Hochul vetoes bill to recognize Long Island Indian nation as leaders rail that gov ‘just doesn’t get it’
· New York PostGov. Kathy Hochul vetoed another bill that would have recognized the sovereignty of a Long Island Native American group — riling tribal leaders who said the Democrat “just doesn’t get it.”
Hochul’s move to block the Montaukett Indian Nation from getting official status is the fourth time in a row she has shot down efforts on behalf of the group, which had its recognition stripped in a controversial court ruling in 1910.
The veto had Democratic legislators and some Montaukett leaders fuming, as they noted it was the seventh time in a decade their efforts have hit a dead end.
“The governor just doesn’t get it — she lacks an understanding of Native American history and is upholding an illegal, racist ruling,” Sandi Brewster-Walker, executive director of the Montaukett Nation, told The Post.
This latest version of the bill had garnered broad bi-partisan support, passing the state Assembly unanimously before passing the state Senate 59-1.

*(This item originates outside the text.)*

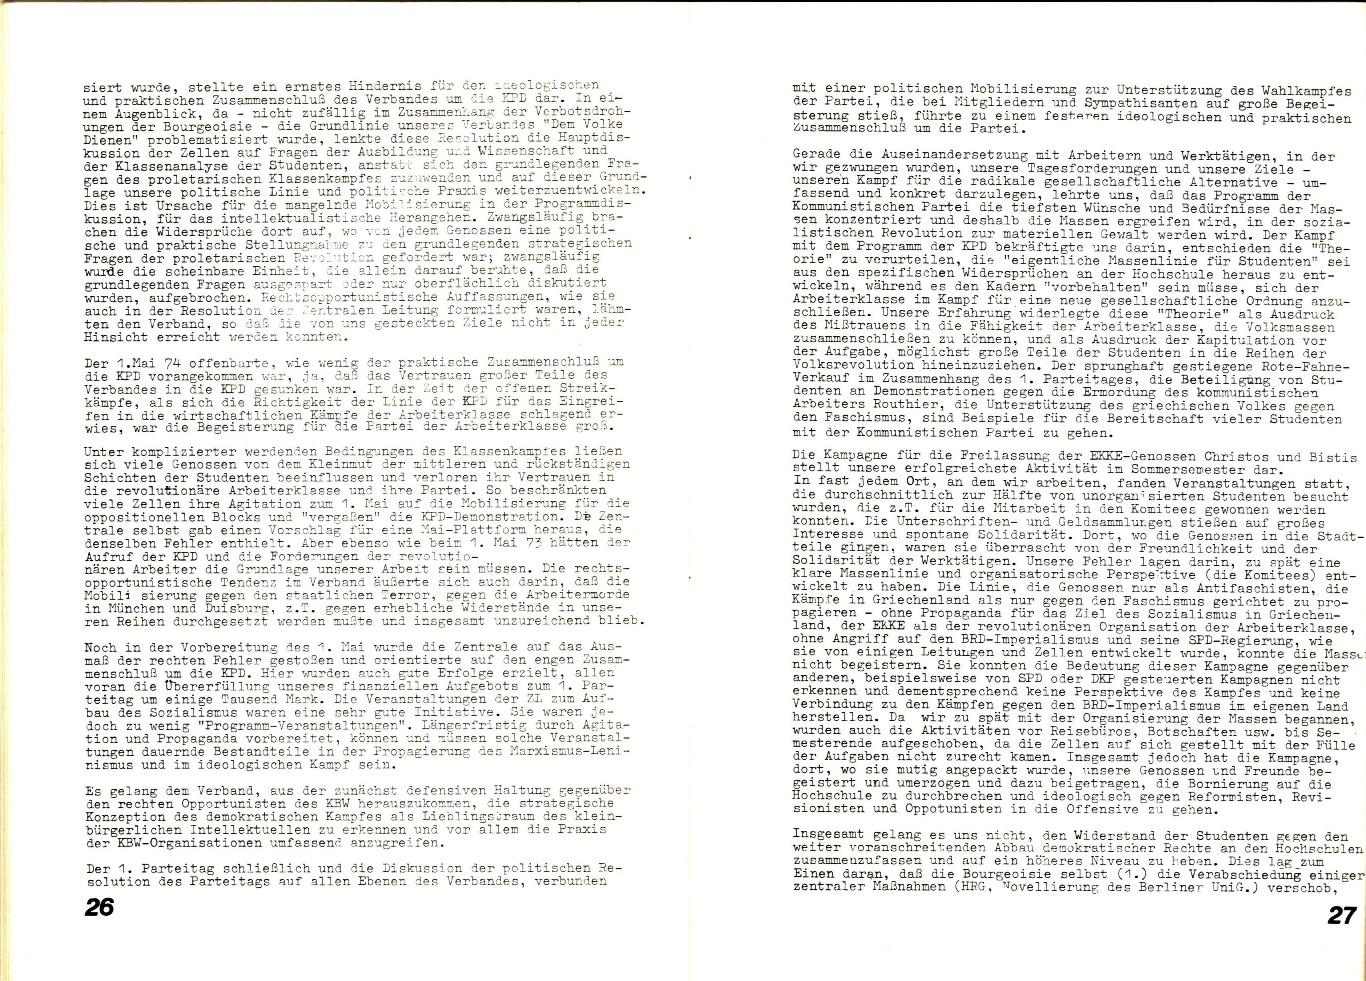 KSV_1974_Rechenschaftsbericht_15
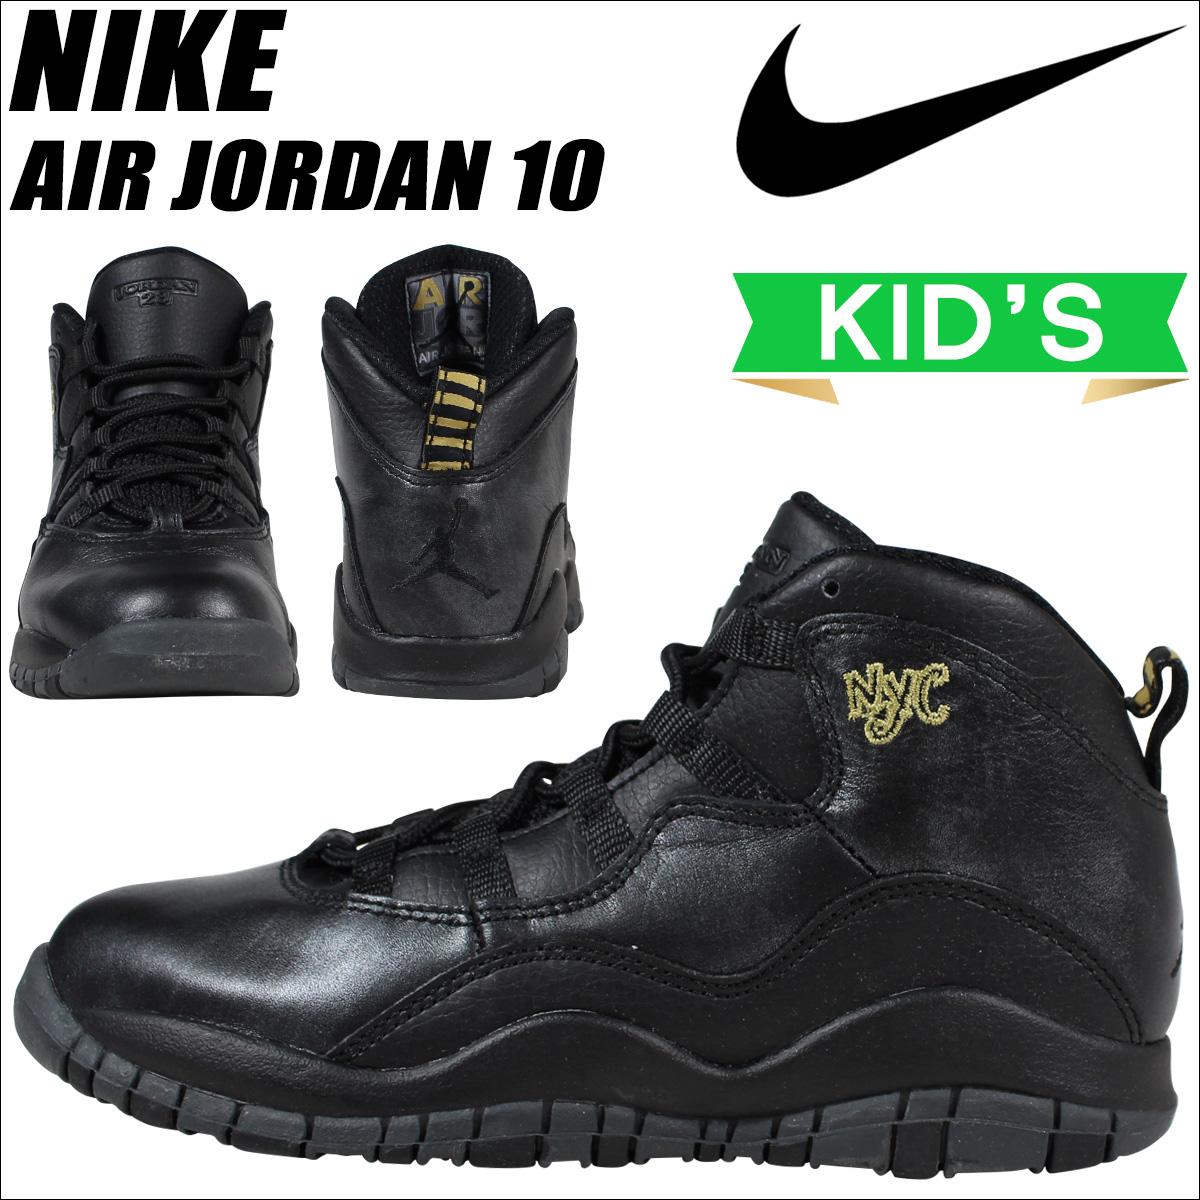 ... nike nike air jordan sneakers kids jordan retro 10 nyc ps jordan retro  ... 3547978f0

But Hochul blocked the bill saying there were still “outstanding questions and issues concerning the Montaukett’s eligibility for recognition according to traditional criteria.” She cited the controversial 1910 ruling, which some critics have said was discriminatory, in her veto message.
“It is pure stupidity and ignorance — what else can you call it?” Brewster-Walker said of the governor’s cited reasoning.
The veto leaves in place the ruling that declared the Montaukett tribe, which called Montauk home, had “disintegrated” and had no centralized government.
In that decision, Judge Abel Blackmar concluded the Montauketts were so widely dispersed that they no longer existed as a functioning tribe — a finding that directly contradicted an earlier memorandum filed in 1906 by C.F. Larrabee, the then-acting commissioner of Indian Affairs for the U.S. Department of the Interior.
“The governor’s team continues to lack a knowledge of the history, and an understanding of the Long Island Native people,” the Montauketts said of the veto in a statement.
Hochul was called out by several fellow Democrats on the island.
“For years, there has been broad support for a viable solution for reinstating recognition by New York State to the Montauketts — recognition that was wrongfully stripped from them over 100 years ago,” Assemblyman Tommy John Schiavoni wrote in a scathing post on social media.
Schiavoni said he will continue the push to “restore respect and honor to the sovereign people of the Montaukett Nation” in 2026.